Đoàn was an activist with the United Workers-Farmers Organization, a labor union unrecognized by the Vietnamese government. In advance of an Asia-Pacific Economic Cooperation summit, authorities imprisoned all of the UWFO's members, including Đoàn Văn Điện and his son Doan Huy Chuong. The group's legal consultant, Tran Quoc Hien, was arrested the following January, two days after agreeing to become the group's spokesman. In December 2007, Đoàn Văn Điện and Doan Huy Chuong were given prison sentences of four-and-a-half years apiece under penal code article 258, "abusing democratic freedoms to infringe upon the interests of the state." Authorities also accused them of slandering the Vietnamese government and spreading "reactionary" thinking. Their sentences have been protested by international human rights groups including Human Rights Watch and Amnesty International, which granted all of the arrested activists "prisoner of conscience" status and called for their immediate and unconditional release.

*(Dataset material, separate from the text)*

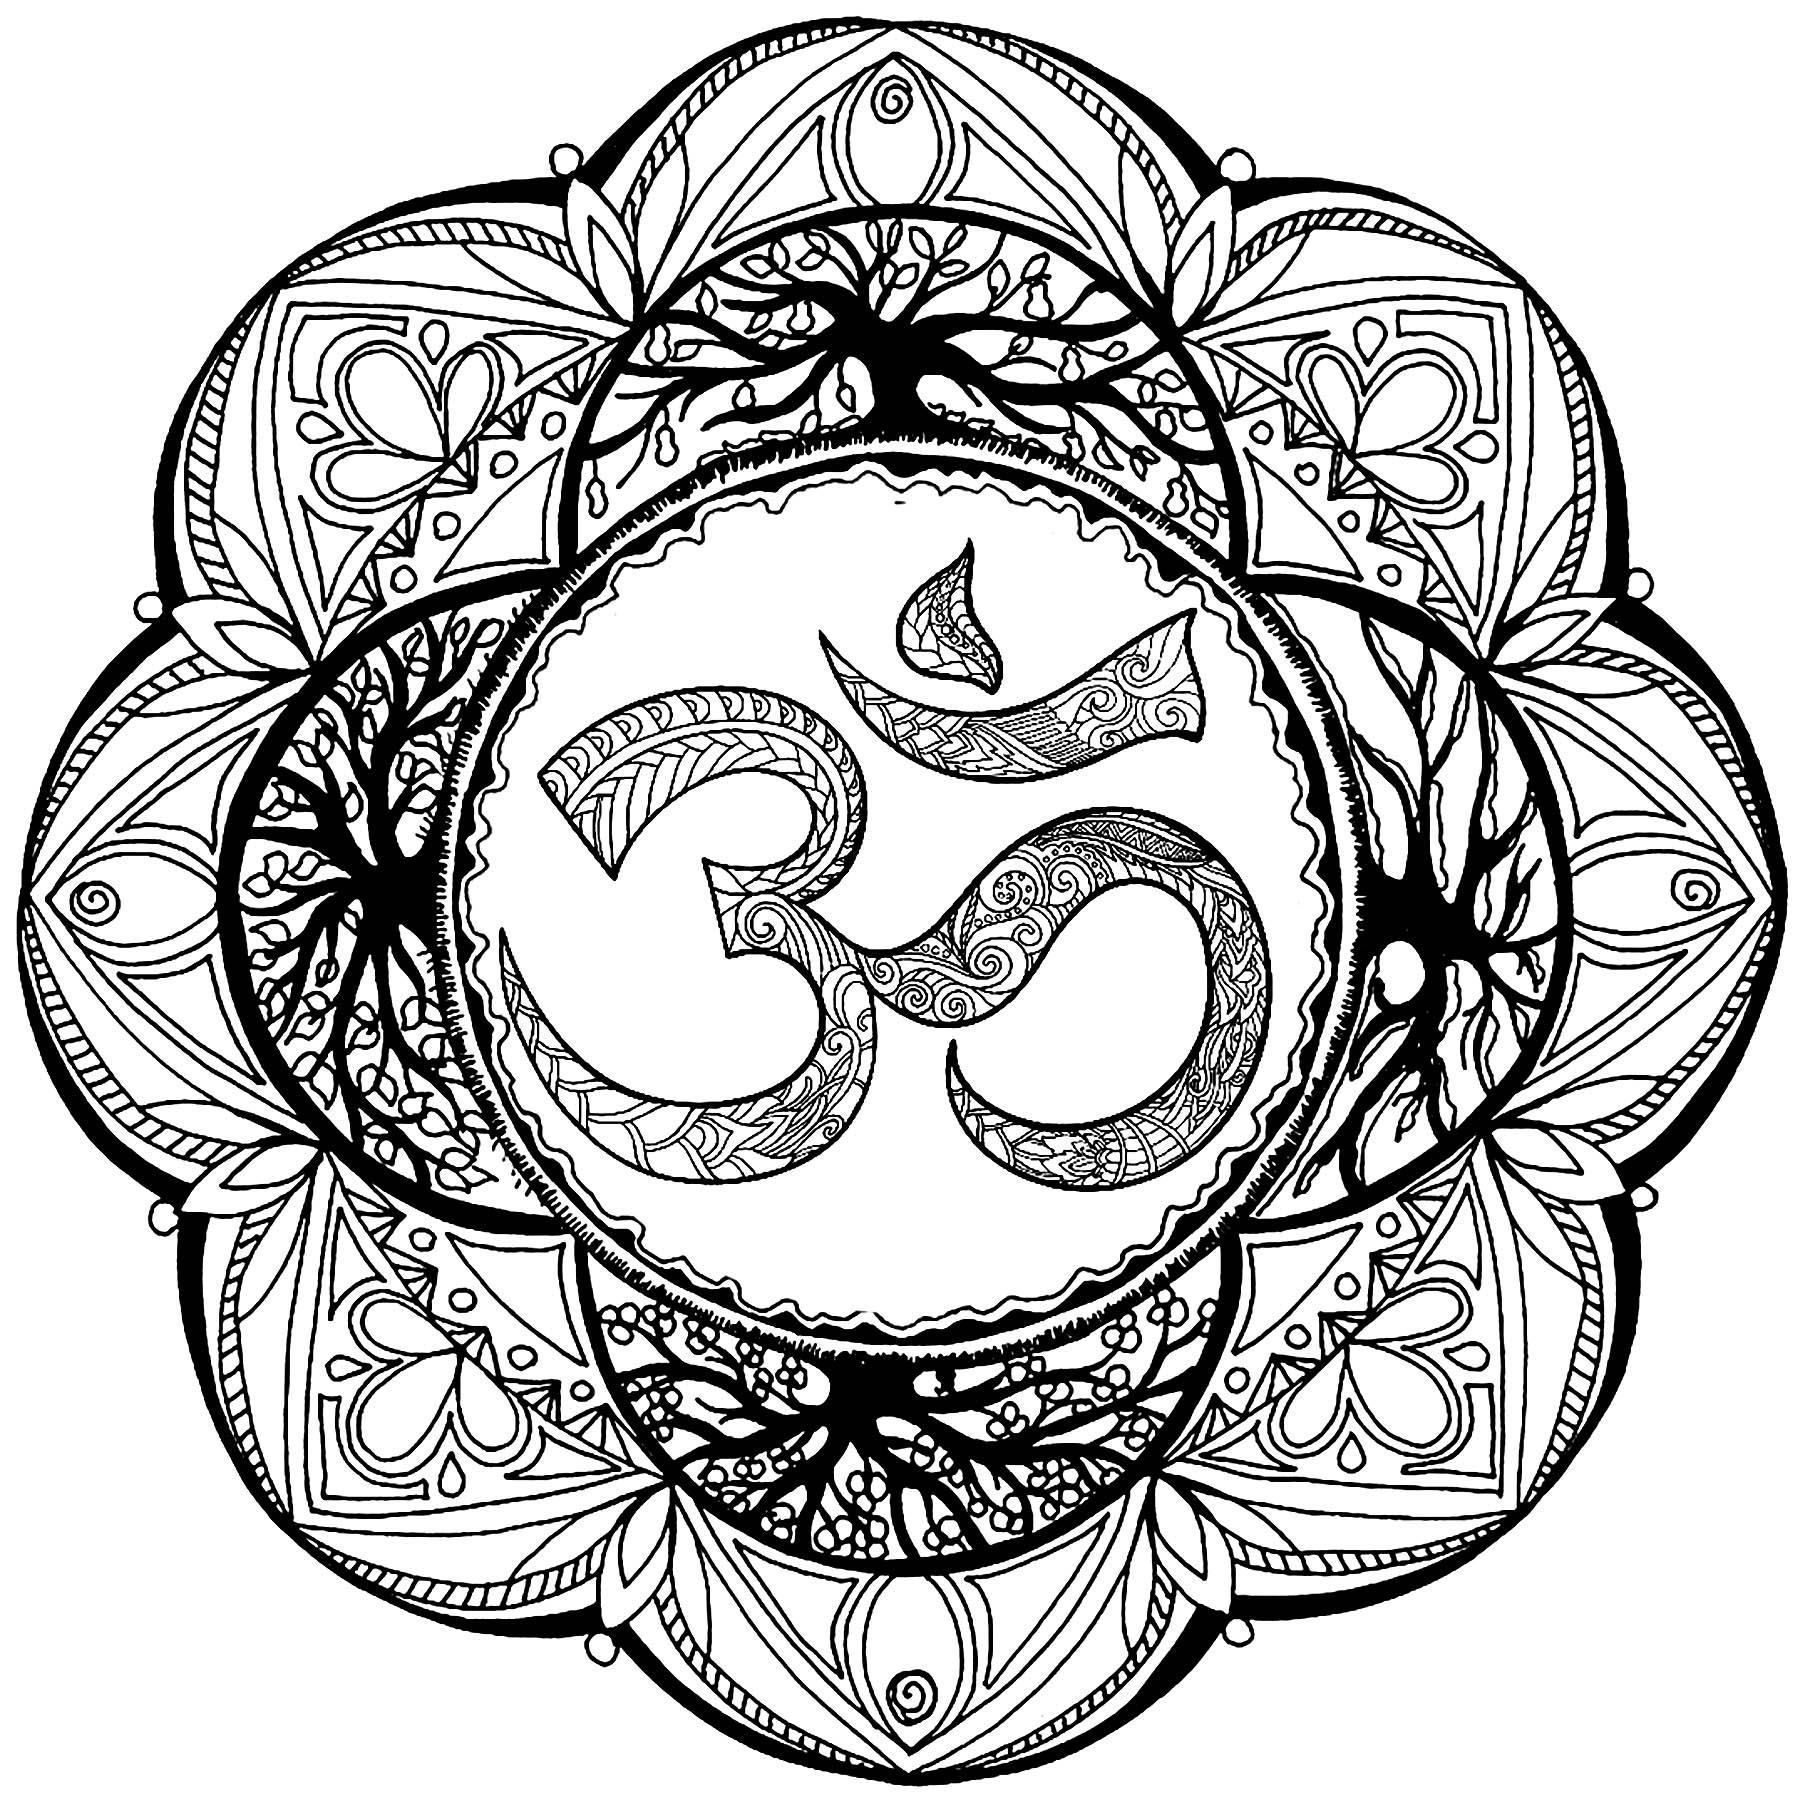 Ce symbole est un des plus sacrés de l'hindouisme : il est utilisé comme préfixe et parfois suffixe aux mantras hindous. Il est considéré comme la vibration primitive divine de l'Univers qui représente toute existence
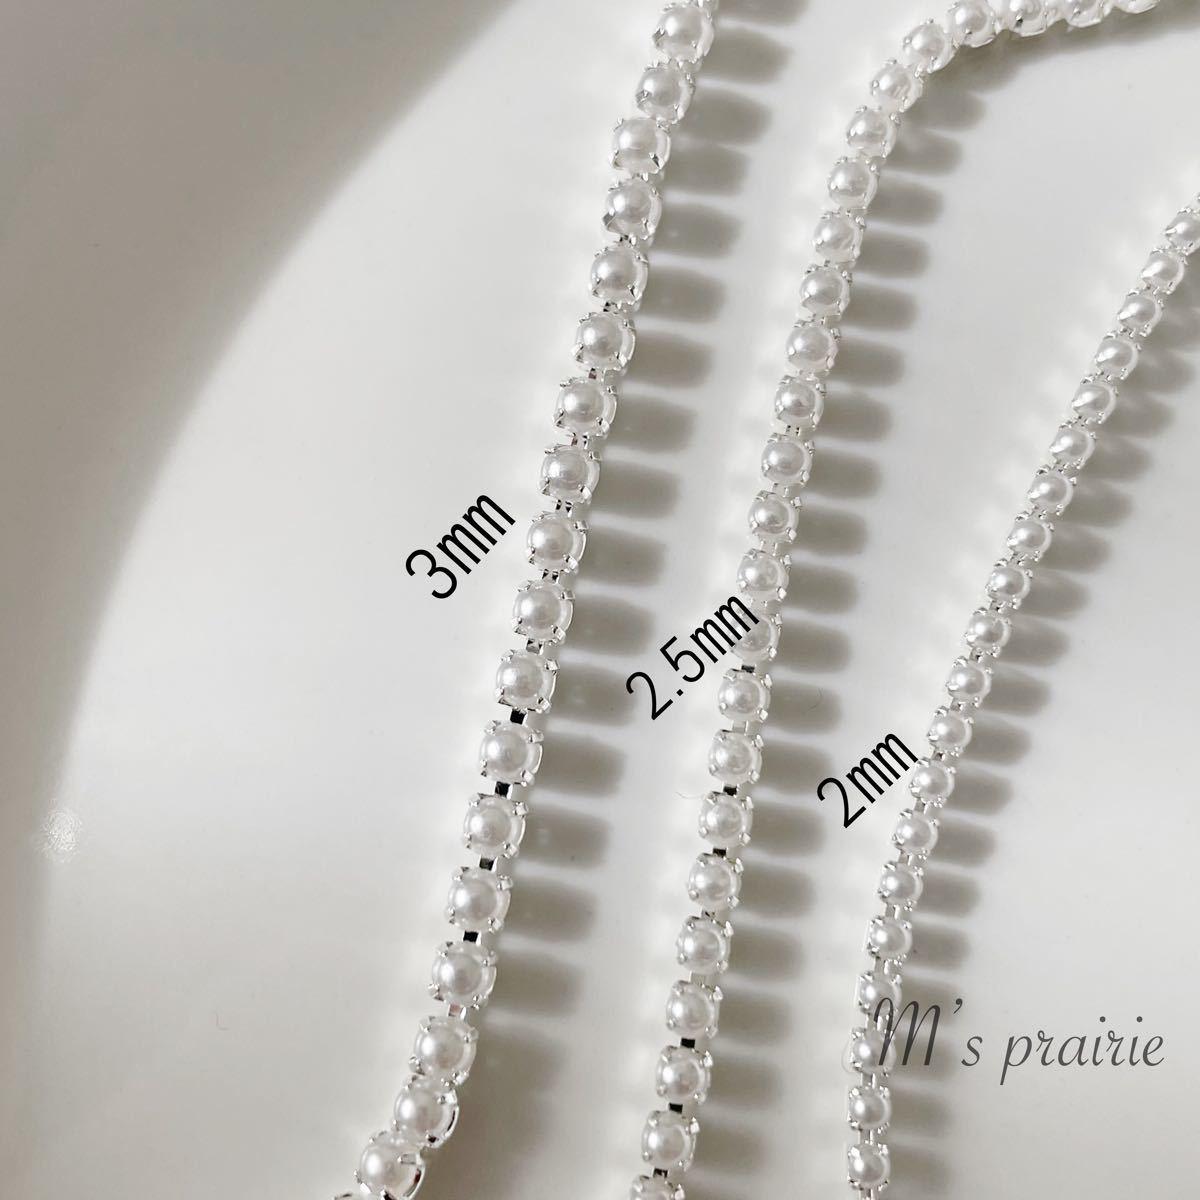 3種 50cmずつセット シルバーチェーン パール アソート お試し ハンドメイドブ 素材 飾り デコ パーツ ネイルアート

In Spring 2011, Boston's American Repertory Theater and System of a Down's Serj Tankian dedicated their production of Prometheus Bound to Tran Quoc Hien, Đoàn Văn Điện, Doan Huy Chuong, and seven other Amnesty International cases, stating in program notes that "by singing the story of Prometheus, the God who defied the tyrant Zeus by giving the human race both fire and art, this production hopes to give a voice to those currently being silenced or endangered by modern-day oppressors."